What you are asked to do
Your task is to reproduce the listing exactly, without its images.

Information shown
═══

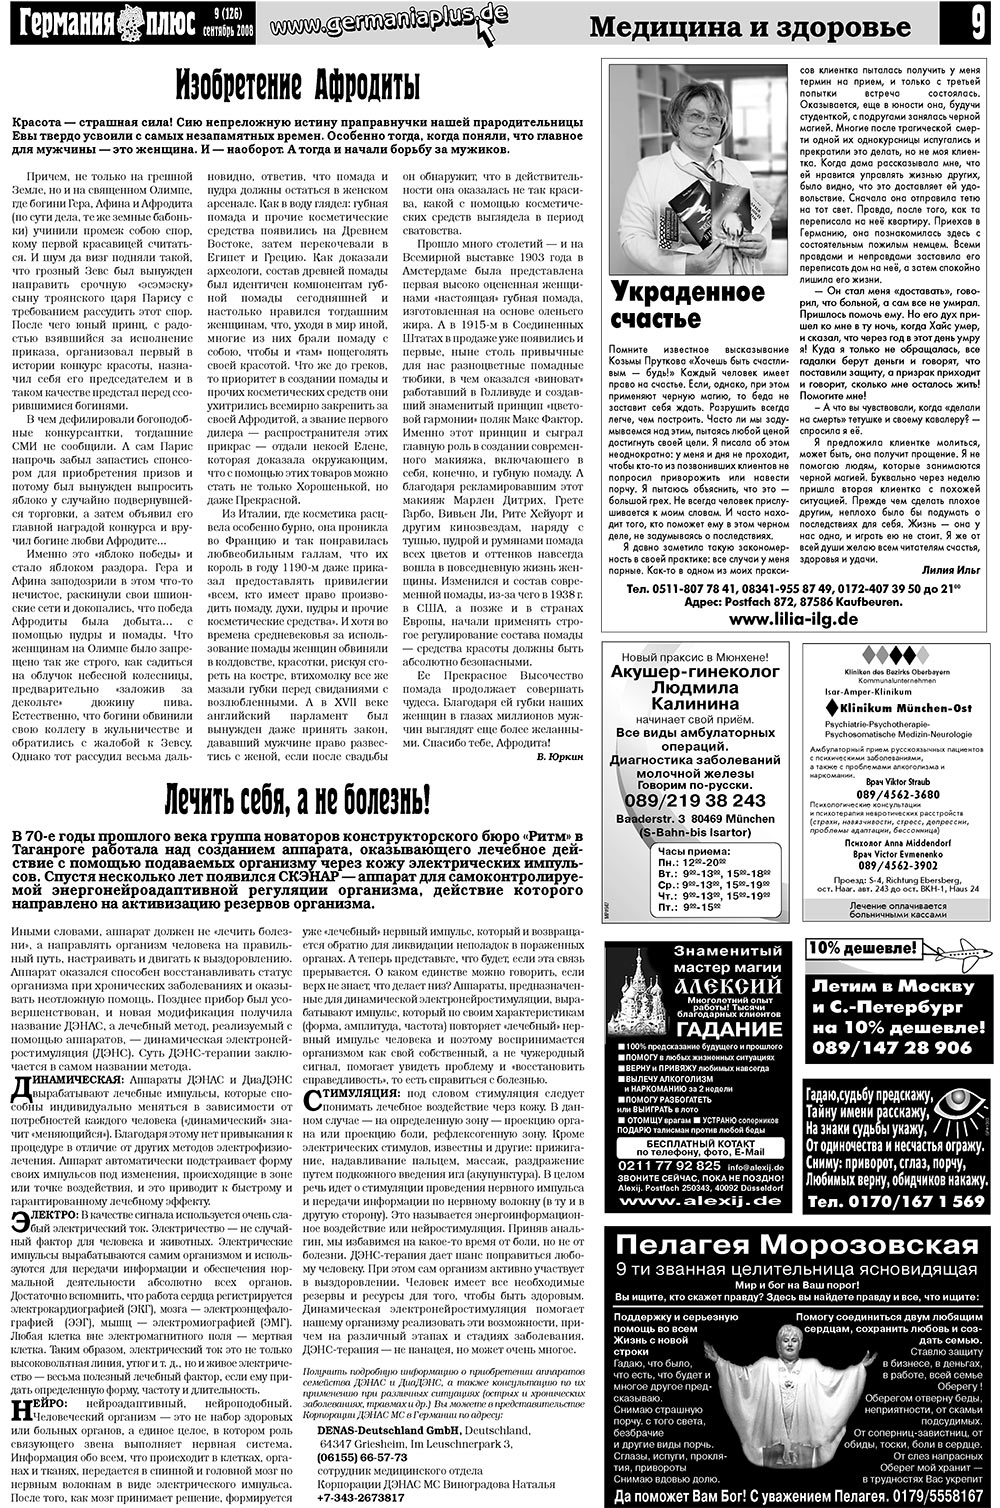 Германия плюс, газета. 2008 №9 стр.13
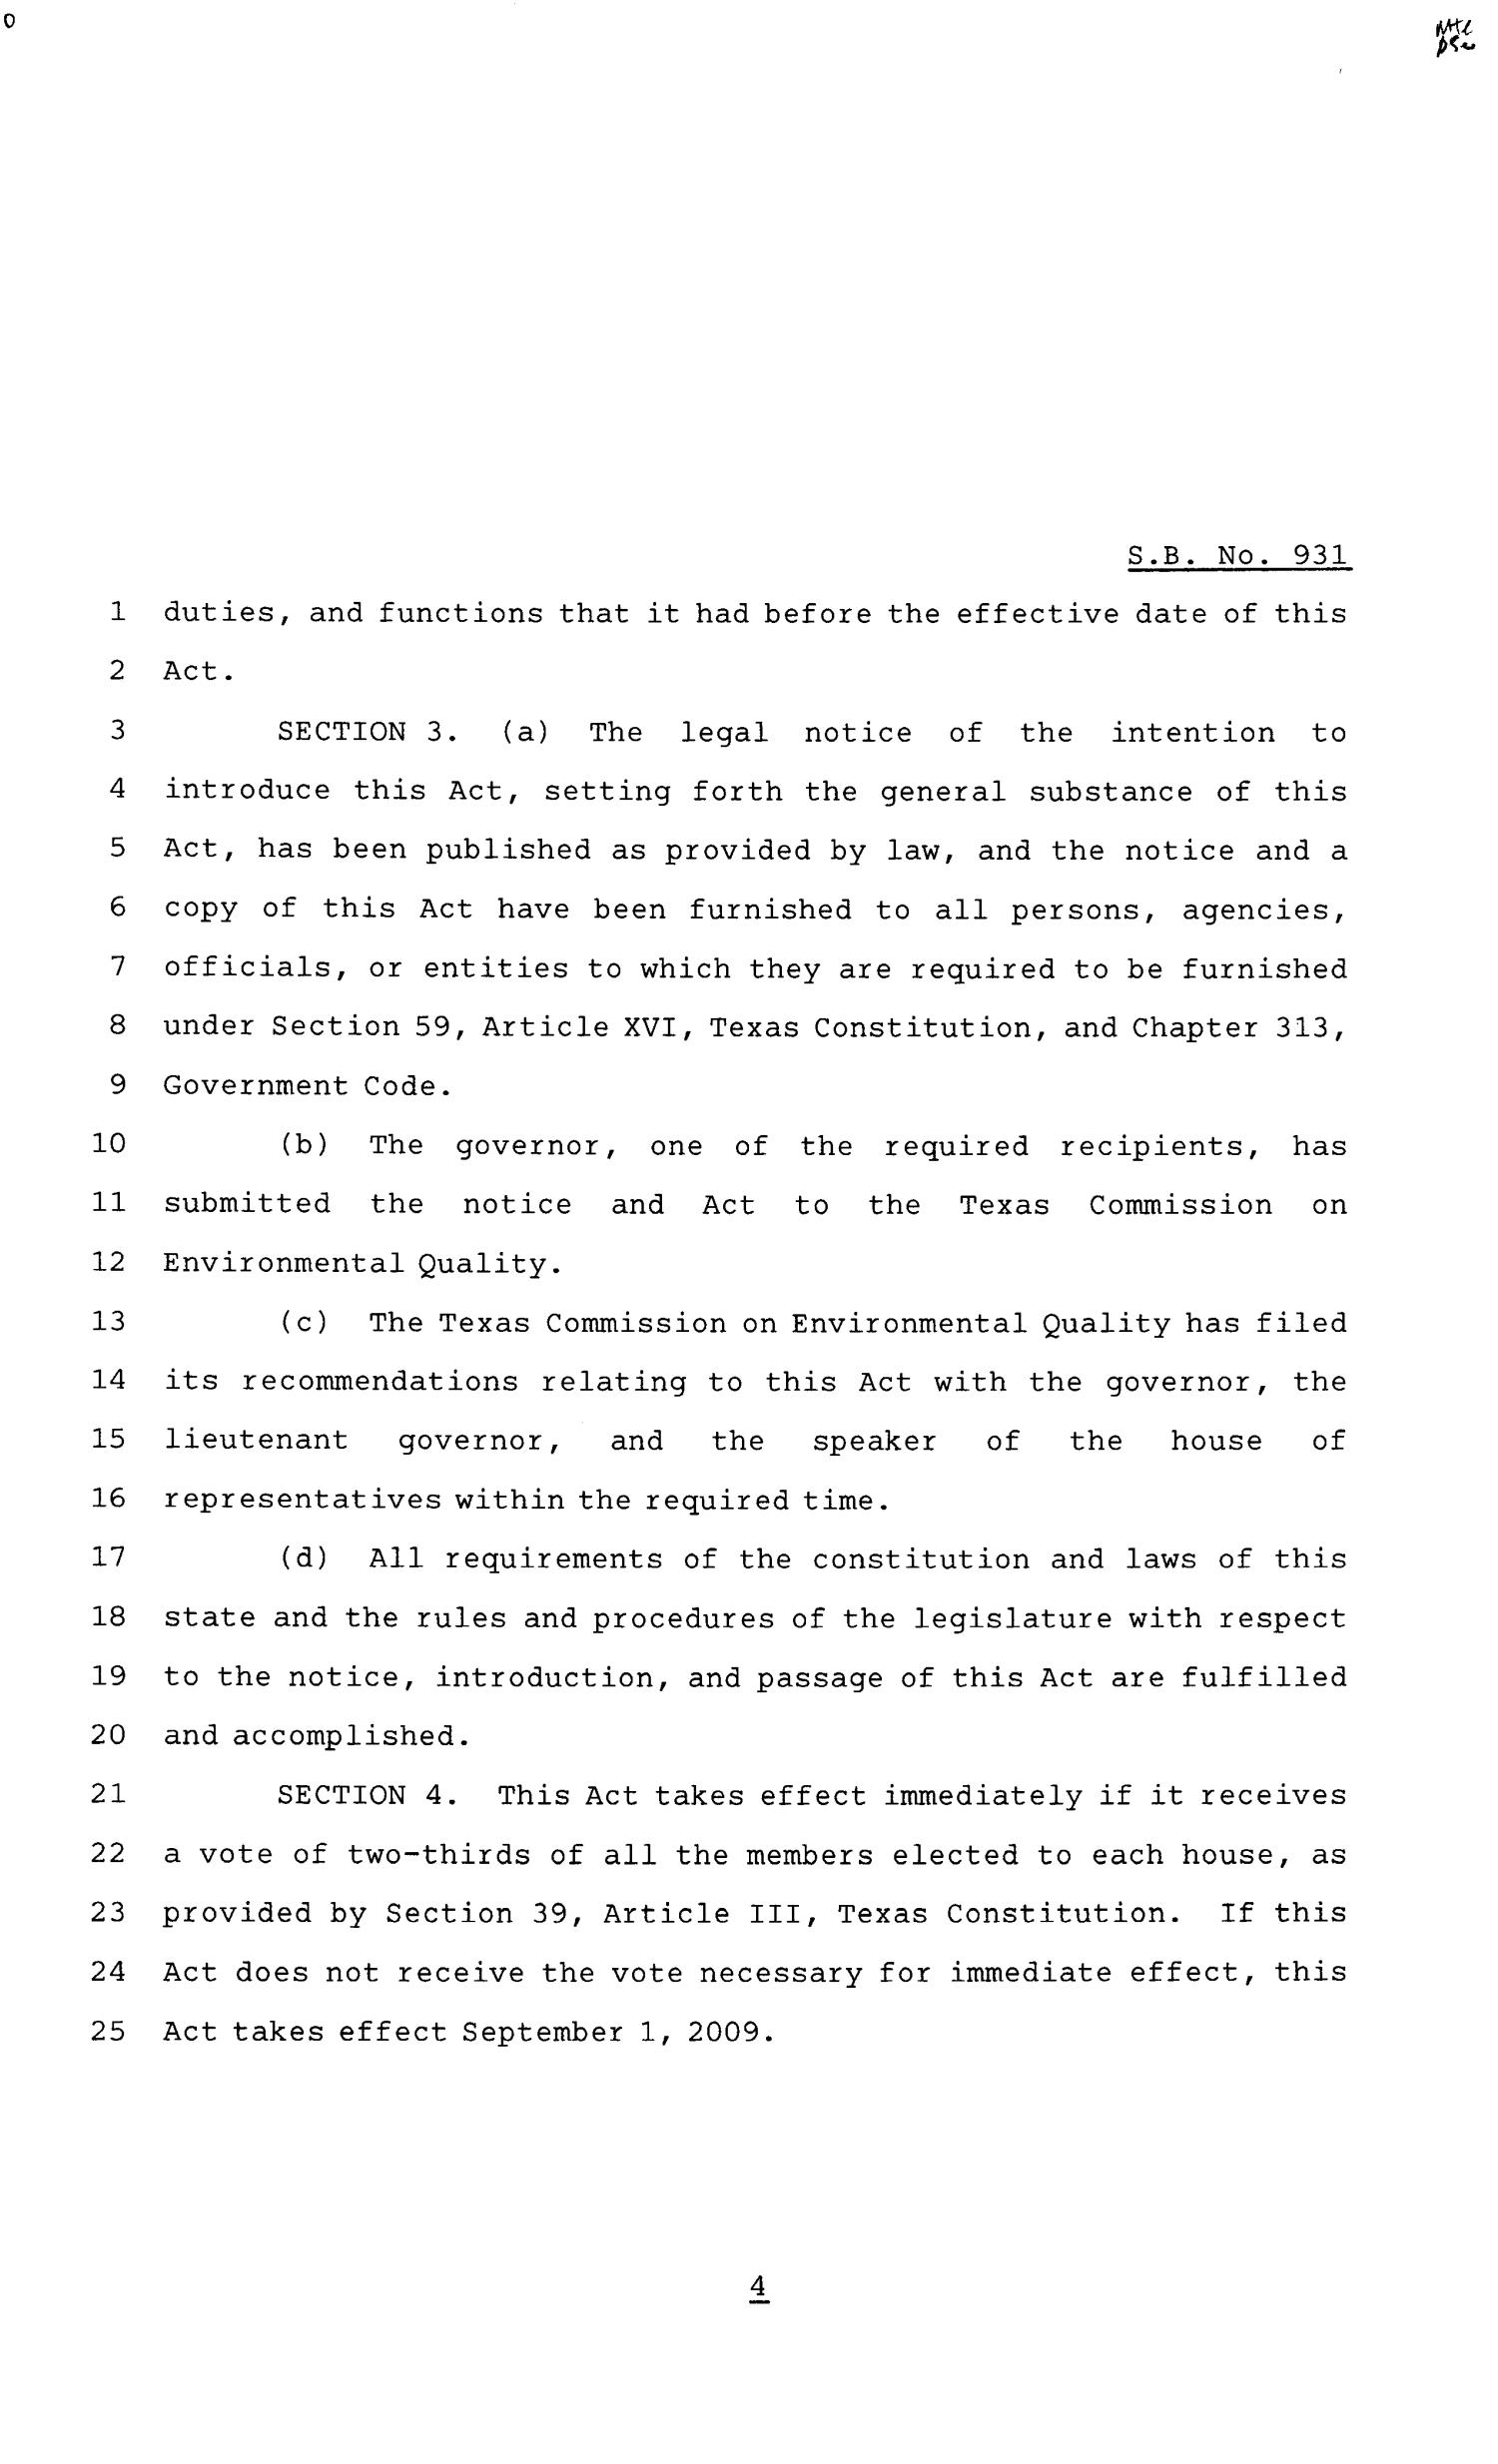 81st Texas Legislature, Senate Bill 931, Chapter 210
                                                
                                                    [Sequence #]: 4 of 5

═══

Finished exercise
 Германия плюс, газета. 2008 №9 стр.13
 81st Texas Legislature, Senate Bill 931, Chapter 210
                                                
                                                    [Sequence #]: 4 of 5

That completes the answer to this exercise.